# Lillesden School, Hawkhurst Jan '10



## mr_bones (Jan 24, 2010)

My Previous trip to Lillesden School was a solo visit in October last year. Being very wary of the site (especially water damage), I didn't get very far, and also had to leave earlier than anticipated.

This time, I was back with King Al and Indy, and after a quick recce we were inside. The place hadn't changed much, but it was soon clear that many of the floors were pretty rotten. Indy led the way and we trod carefully upstairs. Some rooms were inaccessible and as Al pointed out, getting some pencils from the store cupboard would be lethal with no floor at all behind the door! Most of the rooms were stripped, but certain elements of grandeur remained, such as the carved sandstone arches, the stone staircase and mirrors, and original floors and fireplaces. Even the carved wood window frames had survived in good condition.
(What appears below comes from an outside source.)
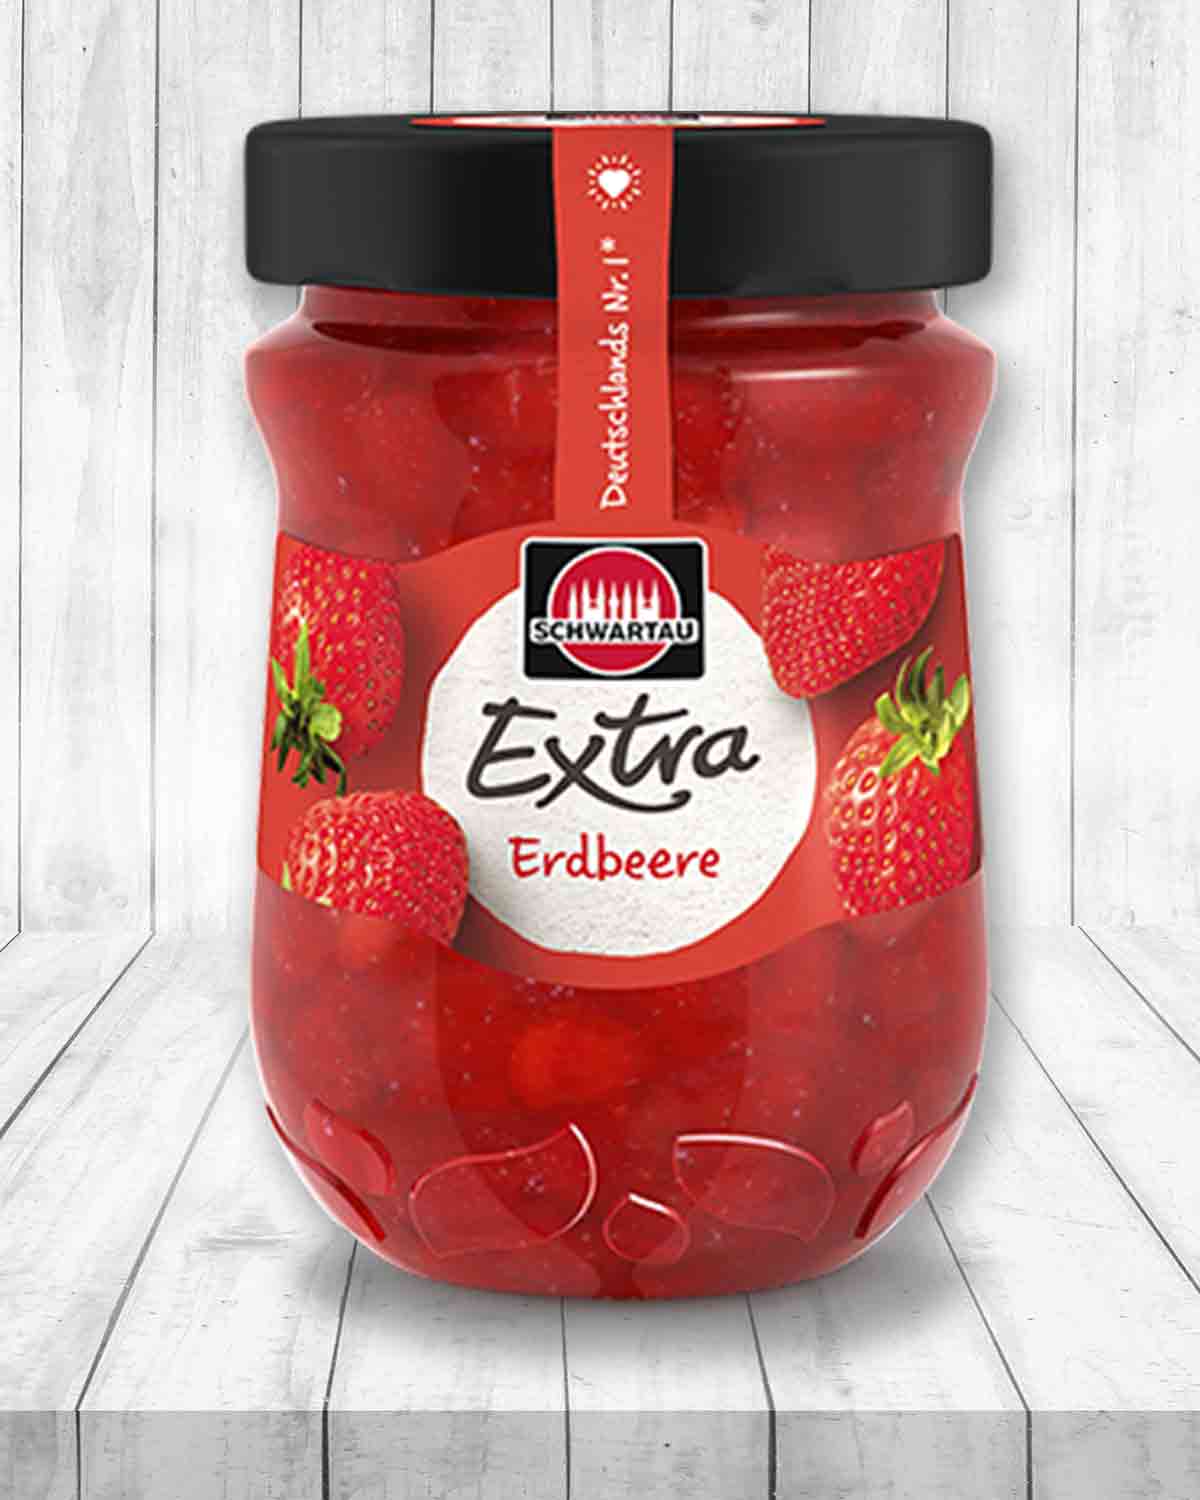 Schwartau Extra Erdbeermarmelade

After seeing the main building, we shot some exterior pictures and worked our way through the smaller classrooms and outbuildings. The pool looked fresh, but I hadn't got any goggles so i'd have to save it for another day. The furthest building looked as though it was originally classrooms, but had been converted into a huge chicken coop at some point - with the double-barreled names of pupils still above coat pegs.

Pictures:


































































































































Mr. B


----------



## King Al (Jan 25, 2010)

Twas a good day, some great bits and pieces to be found in there! Your pics turned out well Mr Bones.

A few of mine:


----------



## mr_bones (Jan 25, 2010)

Excellent shots Al, some good alternative views. The floor beneath your feet looks very 'inspiring'!


----------



## klempner69 (Jan 25, 2010)

*Excellant*

Well taken pics Mr B and King Al..you got some nicely lit shots inside.Is that a Pool or pond?


----------



## havoc (Jan 25, 2010)

No swimming in the pool then san


----------



## lost (Jan 25, 2010)

Grand photos both of you, it looks in quite a bad way inside, worse than I expected.


----------



## King Al (Jan 26, 2010)

klempner69 said:


> Is that a Pool or pond?



A little from column A a little from column B 

It _was _a pool...


----------



## mr_bones (Jan 26, 2010)

King Al said:


> A little from column A a little from column B
> 
> It _was _a pool...



I'll prove it still _IS_ a pool


----------



## klempner69 (Jan 26, 2010)

mr_bones said:


> I'll prove it still _IS_ a pool



Dont tell us you took a dip in that?


----------



## mr_bones (Jan 26, 2010)

No, but I might do later in the year. Our abandoned swim in Belgium was most refreshing.


----------



## lost (Jan 26, 2010)

You weren't brave enough to try this one.


----------



## Foxylady (Jan 27, 2010)

Fabulous report of a great place...loads of interesting details there. The pool looked just a tad chilly to me!  
Superb pics, both of you.


----------



## Potter (Jan 27, 2010)

Looks a great place. Lots of potential.


----------



## Lightbuoy (Jan 27, 2010)

Good Report & pics lads 

Magnificent Clock Tower -also a very cute glazed brick fireplace


----------



## klempner69 (Jan 29, 2010)

lost said:


> You weren't brave enough to try this one.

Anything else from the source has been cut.